Com o encerramento das atividades da câmara de gás, o recolhimento de animais passou a ser seletivo, segundo o Decreto 642/2001 13, gerando a necessidade de criar uma unidade que pudesse atender a demanda voltada à questão do abandono e dos maus-tratos. Soma-se ainda o fato de que a partir de 2001, os conceitos de guarda responsável, bem-estar animal e manejo populacional tornaram-se mais conhecidos e compreendidos pela sociedade, exigindo um posicionamento mais efetivo do poder público. Somente em 2009 foi criada a Rede de Defesa e Proteção Animal de Curitiba, estrutura vinculada à Secretaria Municipal do Meio Ambiente, cujo objetivo é a saúde e a proteção animal e o combate aos maus-tratos.
O elo existente entre saúde ambiental, pública e animal levou à criação da Portaria Conjunta n. 01/2014 14 (Figura 2), das Secretarias Municipais de Saúde e de Meio Ambiente de Curitiba. Essa união teve por objetivo as ações de sobreposição de ambas as secretaria como educação, capacitação e formação com o apoio de universidades e outros órgãos, vigilância e monitoramento de zoonoses, desenvolvimento de projetos de pesquisa em saúde única, além do estabelecimento de parcerias na região metropolitana e integração de esforços para otimizar os recursos financeiros e administrativos.
Unidades de Vigilância em Zoonoses (UVZ)
A imagem que as pessoas têm do CCZ como órgão de recolhimento e sacrifício de animais está relacionada ao seu histórico, porém suas atribuições mudaram com o passar dos anos.
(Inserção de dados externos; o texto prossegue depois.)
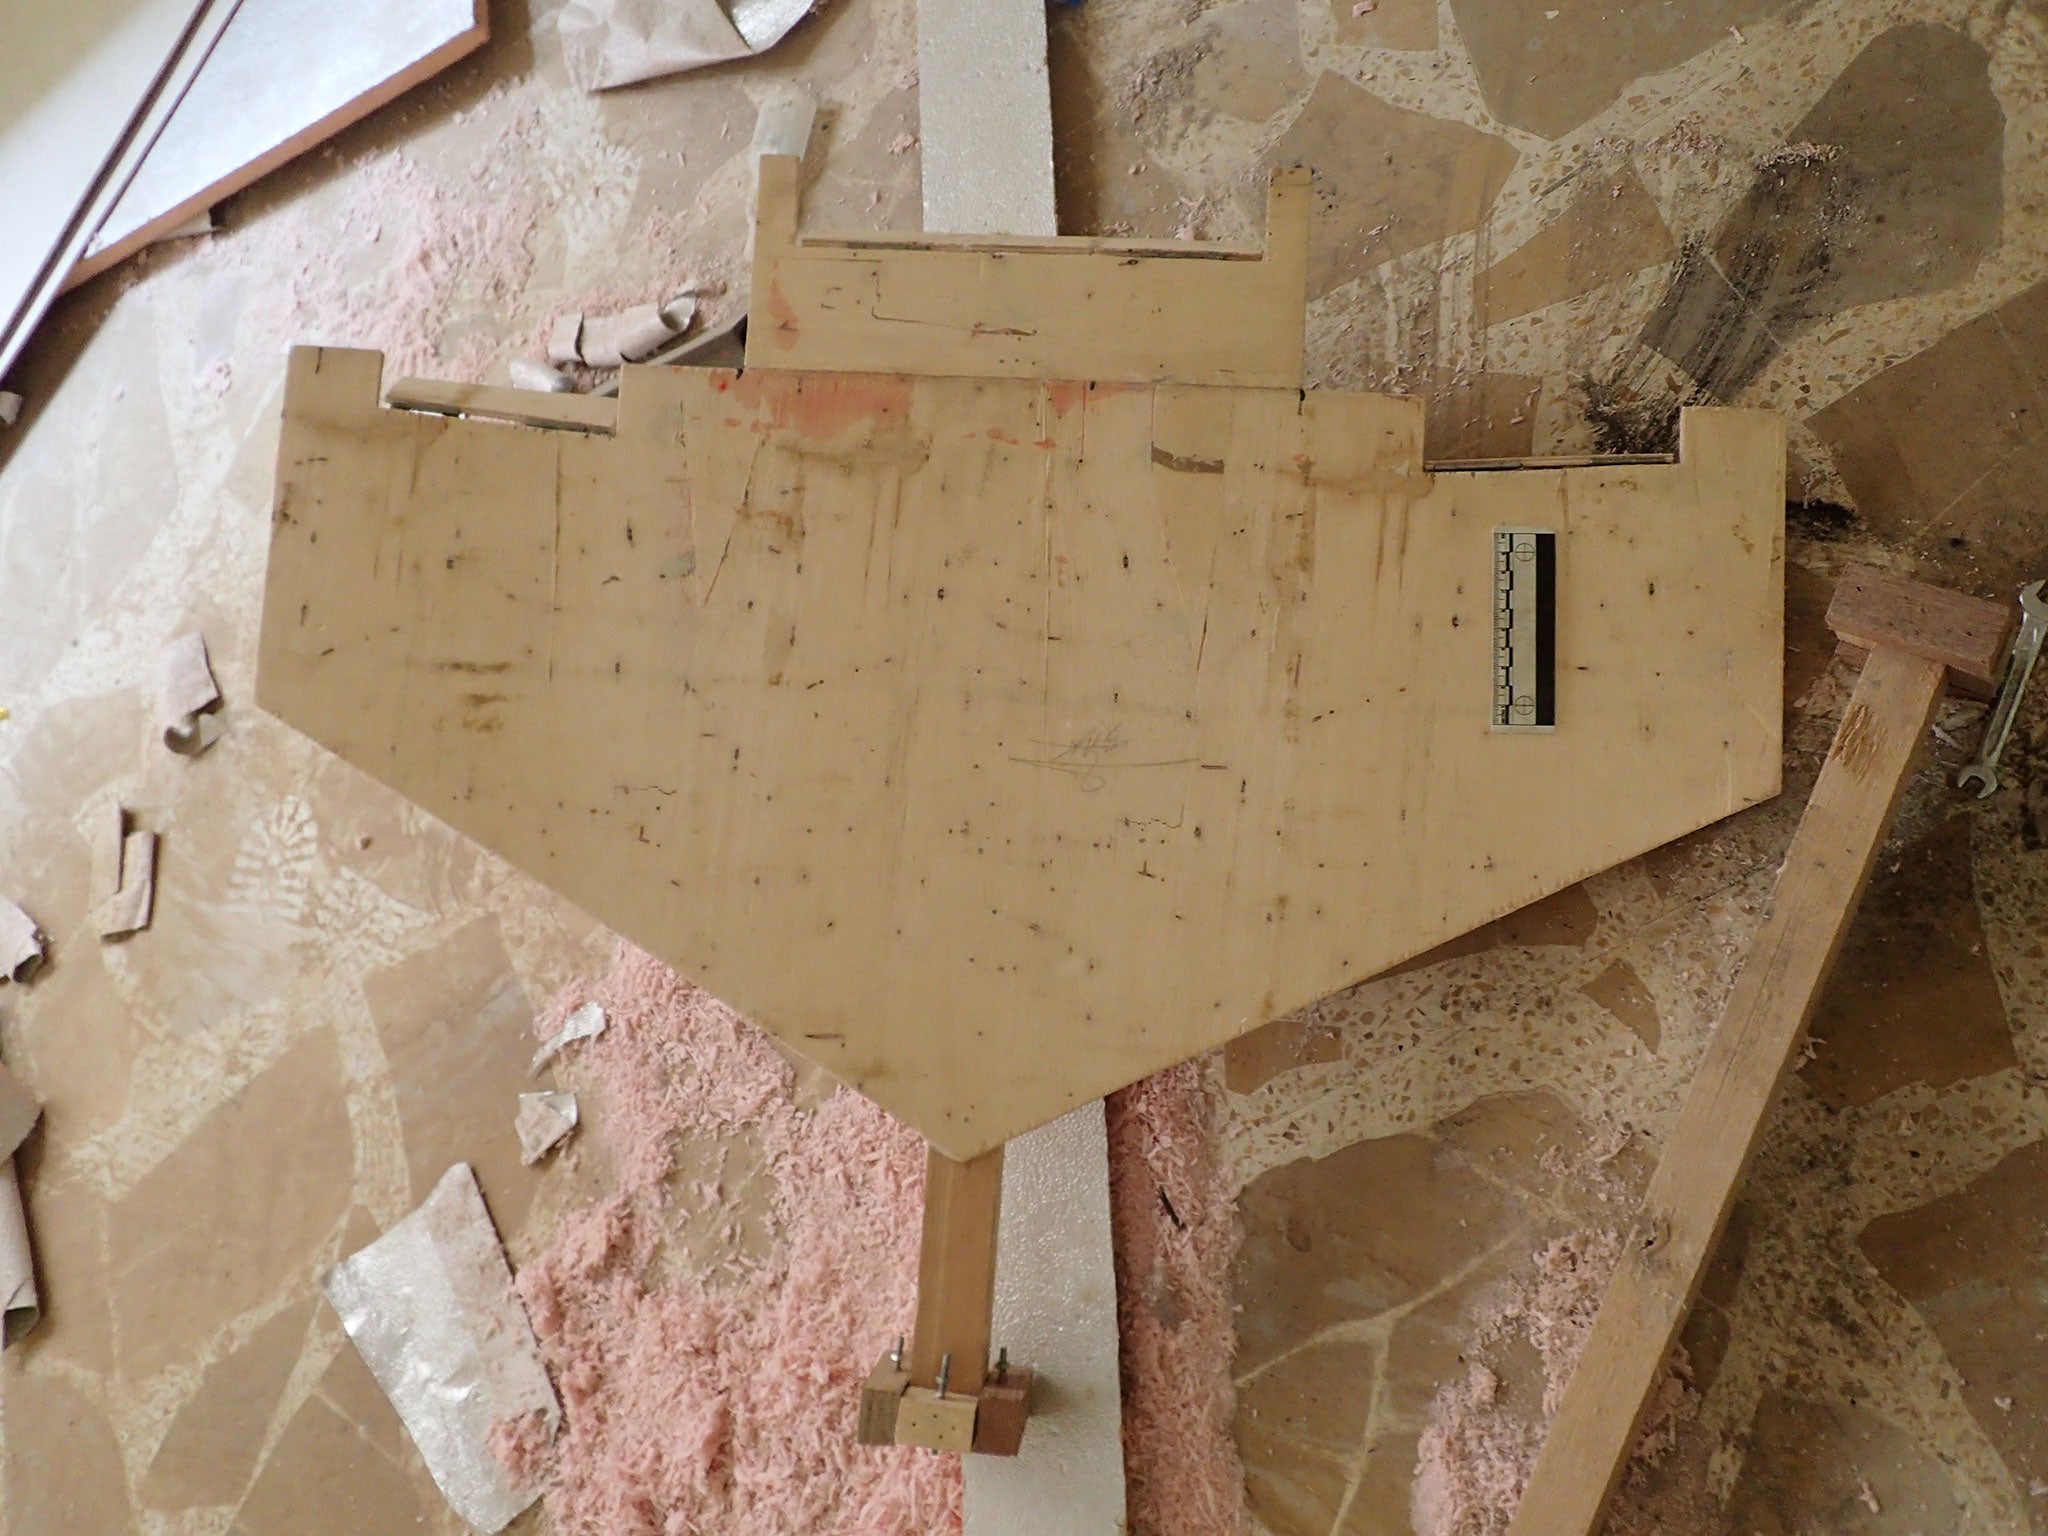 A plywood drone fuselage discovered at an Isis workshop in Ramadi, Iraq, in February 2016

A partir de 2014, com a Portaria MS 758/2014 16, esses órgãos passaram a ser denominados Unidades de Vigilância de Zoonoses (UVZs), com o objetivo de ser centros de inteligência em zoonoses e articuladores de ações intersetoriais, e não apenas órgãos operacionais e de controle. A Portaria Conjunta 01/2014 da Prefeitura de Curitiba foi um grande marco não apenas para a cidade, mas também para todo o país. Nela estão dispostas todas as ações que devem ser compartilhadas pelas secretarias municipais de saúde e de meio ambiente e as ações que são específicas de cada órgão 14. Enquanto a vigilância de zoonoses, por exemplo, é de atribuição exclusiva da Secretaria Municipal de Saúde, as denúncias de maus-tratos devem ser de responsabilidade somente da Secretaria Municipal do Meio Ambiente (Figuras 3 e 4).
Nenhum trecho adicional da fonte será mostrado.